Rosalía repete “Yo me transformo” oito vezes em “SAOKO”, carro-chefe de MOTOMAMI. Em comparação a uma borboleta e a uma chuva de estrelas cadentes, a artista barcelonesa se descreve como um ser cambiante e argumenta a cada faixa como sua personalidade consegue ocupar os mais variados espaços com grande naturalidade, do lugar pop no qual foi inserida nos últimos anos a um grau de experimentação distante dos hits.

Ela chegou a dizer que este seu terceiro álbum era o mais pessoal que ela já fez, ao ponto de se referir a MOTOMAMI como um “autorretrato” – e o convite parece ser conhecer a pessoa por trás das faixas por meio da soma de suas tantas características presentes em cada música e vinheta no repertório. Por conta disso, a audição do disco expande consideravelmente a percepção de quem a cantora é, principalmente ao seu público adquirido não com o lançamento de El Mal Querer (2018), mas com os singles da entressafra dos dois álbuns.

“SAOKO” e “CHICKEN TERIYAKI” fazem uma ligação mais direta com esses hits dos últimos anos, como “Con Altura”, “Aute Cuture” e “Yo x Ti, Tu x Mi”, em diálogos com o pop de influência caribenha e a música eletrônica, que se estabeleceu como uma das principais tendências em todo o mundo, incluindo o Brasil. Além disso, ter gravado “La Noche de Anoche” com Bad Bunny incrementou sua habilidade com o reggaeton do mais alto status. Ainda assim, ambas as faixas não escondem suas vontades de conquistar o ouvinte não no prazer imediato, mas no desafio aceito.

Toda a audição de MOTOMAMI é tão exagerada, ou mesmo agressiva, quanto seu título em caps, com timbres graves e batidas secas, como mandam as tendências da música eletrônica mais vanguardista nesses últimos tempos. São esses elementos que fazem “BIZCOCHITO”, por exemplo, estar sempre ali à beira do incômodo, apesar de suas tantas cores, ou que “CUUUUuuuuuute” seja tão tensa em sua imprevisibilidade, mesmo a faixa sendo literalmente carnavalesca. A faixa-título, praticamente uma vinheta de um minuto de duração, é tudo o que você não espera de uma cantora que alguém muito provavelmente chamou de “nova sensação do pop” ou algum termo dinossáurico equivalente.

“BULERÍAS”, “COMO UN G” e “DELIRIO DE GRANDEZA” são as músicas que mais se ligam ao que Rosalía nos deu em El Mal Querer – baladas que resgatam sua formação no flamenco e a interpretação tão característica da cantora.
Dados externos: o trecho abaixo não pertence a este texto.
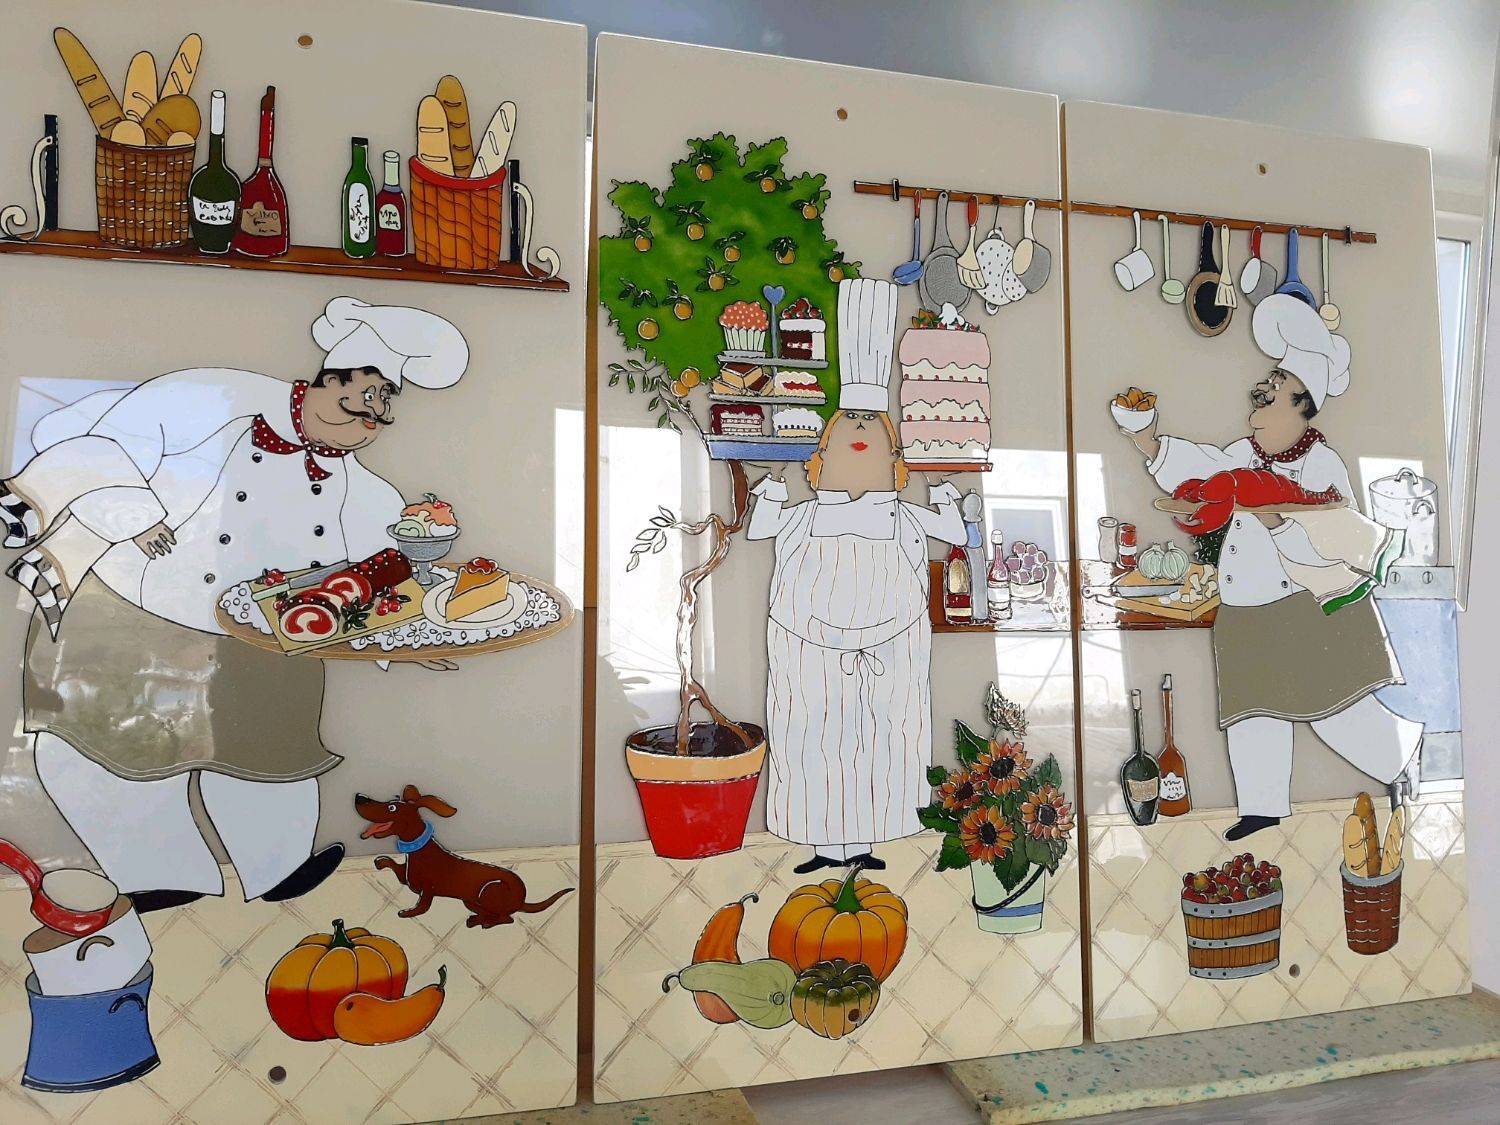 Панно из плитки на кухню: 80+ ярких фотоидей для декора фартука и кухонной отделки

Mas o que marca a audição é o peso, o grave e as curvas bruscas que uma faixa consegue fazer. Nos momentos mais suaves, “G3 N15” e “DIABLO” (com James Blake) não tentam esconder suas intenções de serem mais para os fones de ouvido atentos ao disco como um todo do que às playlists feitas por algoritmos.

Os outros singles do disco, “LA FAMA”, “CANDY” e “HENTAI” também seguem essas mesmas qualidades. Enquanto essa última se constrói como uma balada minimalista que, de repente, recebe a intrusão de elementos que uma rádio dificilmente aprovaria, “CANDY” é uma espécie de hit discreto, de volume mais baixo que de costume, com uma melancolia muito agradável sobre a disparidade de sentimentos no fim de um relacionamento. “LA FAMA”, por sua vez, subverte a lógica do show biz ao trazer The Weeknd cantando em espanhol, não em inglês.

Vale mencionar que o álbum continua a aproximação da cantora com o universo da América Latina, por meio da presença da dominicana Tokischa em “LA COMBI” “VERSACE”, e pelas de influências de bachata, reggaeton e outros sons caribenhos ao longo do repertório e mesmo nas letras – a palavra saoco, por exemplo, é uma gíria porto-riquenha que expressa, em tradução livre, a alegria de dançar. E essa intenção coloca o disco em paralelo com o caminho que a artista percorreu desde 2019, com os tantos singles “avulsos” lançados.

Muito mais do que o sucesso dessas músicas, MOTOMAMI comunica a identidade de Rosalía como uma artista também maiúscula, destemida o suficiente para investir talento, tempo e recursos na música e nas mensagens que têm dentro de si. E também é uma obra que nos relembra que se foi (há muito) o tempo em que uma cantora pop deveria estar formatada a alguma expectativa de mercado, indústria ou até de público. Rosalía vence a discussão com o argumento que, assim como a música e o tempo, ella se transforma.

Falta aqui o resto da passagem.